Survey data reveals extreme heterogeneity in patient risk tolerance for adjuvant chemotherapy. A significant cohort, about one-third, would endure treatment for a minimal 1% improvement in survival, while a smaller group of 10-15% would decline it even for a 10% absolute benefit. This underscores the importance of personalized, value-based discussions.
Generic advice like "diet and exercise" is ineffective for cancer patients. Clinicians should adopt a pharmaceutical model, prescribing specific types and "doses" of diet and exercise based on a patient's unique metabolic profile, treatment, and clinical goals, rather than handing out a generic brochure.
The practice-changing DYNAMIC trial showed that a ctDNA-guided strategy for stage II colorectal cancer reduces adjuvant chemotherapy use by 50%. Despite this significant de-escalation of treatment, patient outcomes and survival rates were identical to the standard-of-care approach.

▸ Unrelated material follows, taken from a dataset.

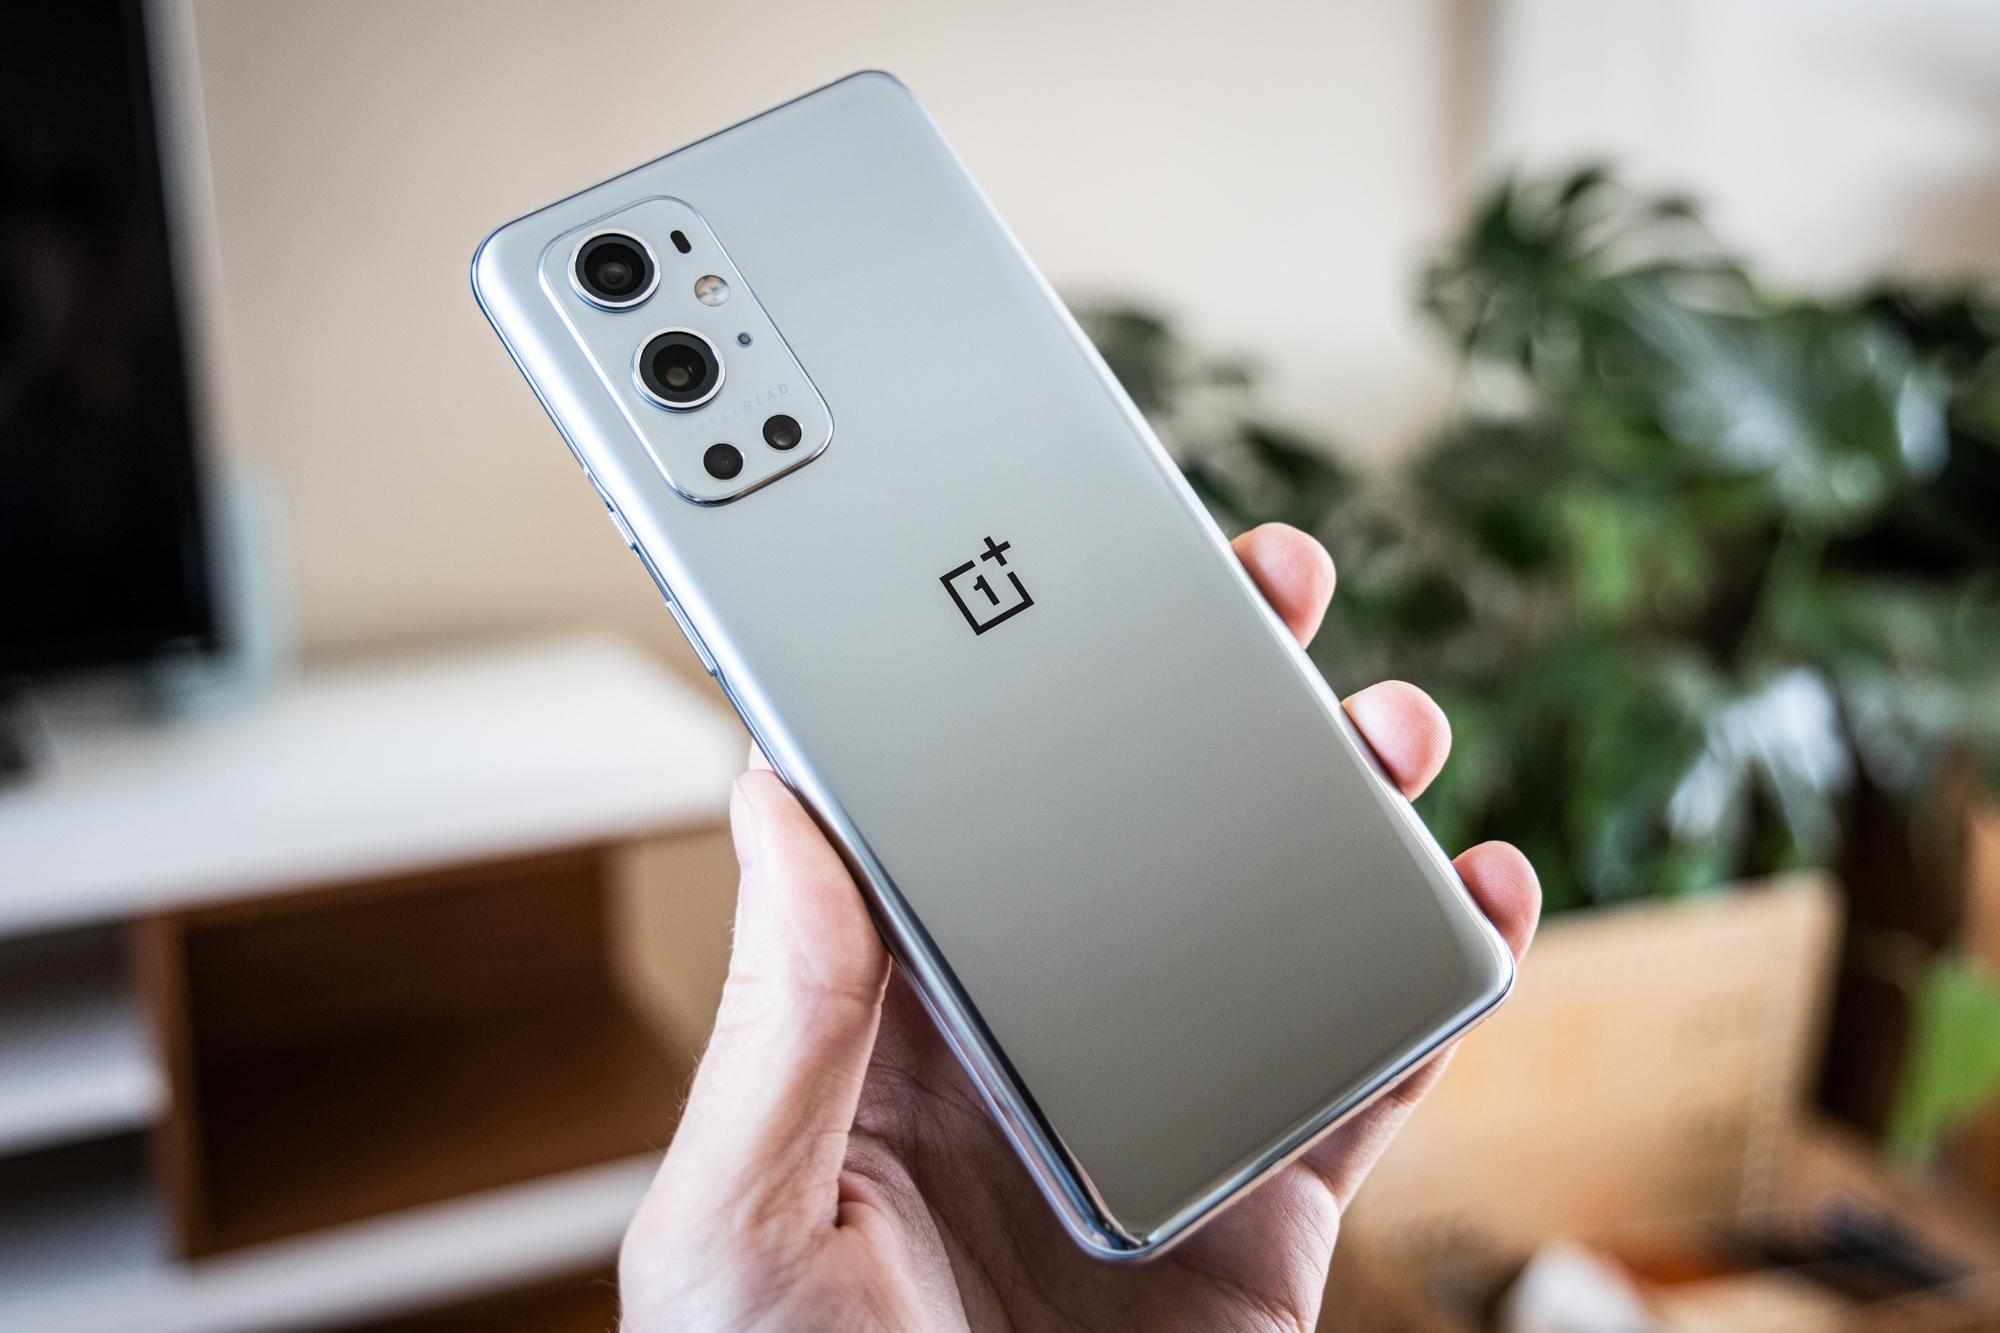 OnePlus pourrait-il adopter HarmonyOS, le système d'exploitation de Huawei ?

Data from the CO21 trial shows a structured exercise program provides a 7% improvement in overall survival for high-risk colon cancer patients. This non-pharmacological intervention demonstrates a greater survival benefit than the established 5% gain from adding oxaliplatin to chemotherapy.
A post-hoc analysis found celecoxib, which showed no overall benefit, nearly doubled 3-year disease-free survival (22% to 41%) specifically in patients who were ctDNA-positive after completing adjuvant therapy. This compelling, hypothesis-generating data suggests a targeted role for a common anti-inflammatory drug in the highest-risk population.
A meta-analysis of over 3,000 patients shows that neoadjuvant chemotherapy for MSS colon cancer provides a 5% improvement in survival. This benefit is clinically meaningful and equivalent in magnitude to the landmark addition of oxaliplatin to 5-FU in the original MOSAIC trial.
Observational data from the BESPOKE study showed that the survival benefit from adjuvant chemotherapy was only seen in patients who tested positive for ctDNA post-surgery. In contrast, ctDNA-negative patients had overlapping survival curves whether they received chemotherapy or not, questioning its utility for that group.
For every 10 Stage III patients receiving adjuvant chemo, 5 are already cured by surgery and 2-3 will recur regardless. This means therapy only benefits 2-3 patients, leading to significant overtreatment for the majority who endure toxicity without benefit.